In a story that is all too common to those of us who work in insurance law, Mrs. Hull and her husband purchased long-term care insurance in 1997 from a company then called Mutual Protective Insurance. Mr. Hull died in 1998, but Mrs. Hull continued to pay premiums. The company changed names and shifted ownership over the following years. In 2007, Mrs. Hull was diagnosed with Alzheimer’s disease and it became more difficult for her to care for herself. A year later, she moved into St. John’s Lutheran Home in Billings, when she began receiving benefits from her long-term care insurance policy. Ability Insurance bought the company holding Mrs. Hull’s policy in 2007 and decided to review her policy in January 2010. Ability decided to cut off Mrs. Hull’s benefits, and when her daughter appealed the decision, it was denied. Ability told them that then 88 year old Arlene Hull, diagnosed with Alzheimer’s for three years, did not need “continual supervision due to severe cognitive impairment” and that she was only “moderately” not “severely” impaired. In September 2010, Mrs. Hull and her daughter brought this lawsuit against Ability in the US District Court. The insurance company then reversed course and reinstated her benefits in October 2011, but the company refused to pay for the period she was without benefits. contract.jpg

Unfortunately, Montana law caps punitive damages at $10 million, so Mrs. Hull’s $32 million in damages from the judgment will not likely stand in an appeal. Regardless, this is a significant victory for insurance victims like Mrs. Hull. Her attorney said, “Long-term-care policy holders are responsible people who don’t want to be a burden to others and should not be wrongfully denied benefits under these policies.” Insurance companies need to understand that they cannot get away with these kinds of shady business practices, harming their hardworking customers by denying them deserved benefits to save the company money.

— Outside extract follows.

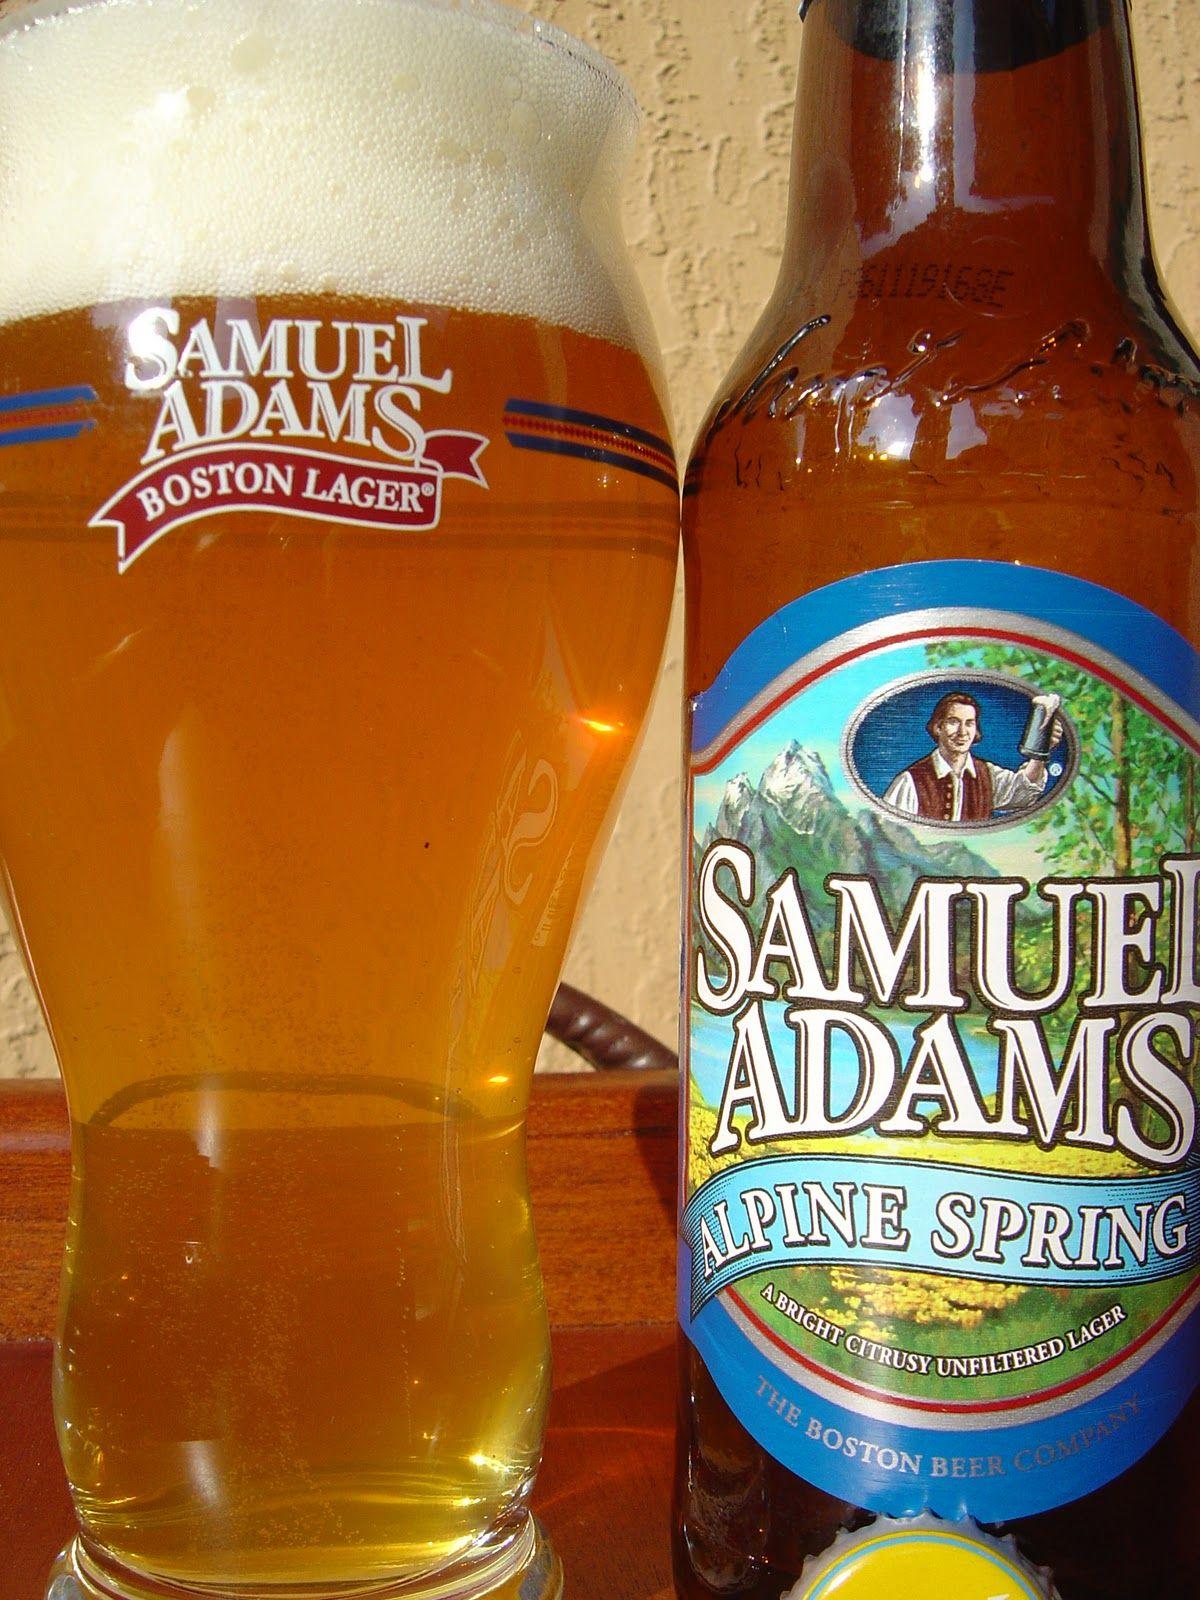 Samuel Adams Alpine Spring Apparently The Boston Beer Company Is

Cheating the vulnerable elderly happens all over the country, as our San Francisco bad faith insurance attorney (http://www.brodfirm.com/lawyer-attorney-1844610.html) discussed in a previous post about Dr. William Hall’s similar case in southern California. Without this recourse in law, seniors would be trapped by these greedy, unscrupulous insurance companies—duped out of their money and then left to suffer during the last years of their life, denied the care they paid for. If a loved member of your family is facing this kind of abuse over health insurance or long-term care insurance, please contact an San Francisco insurance attorney in your area as soon as possible.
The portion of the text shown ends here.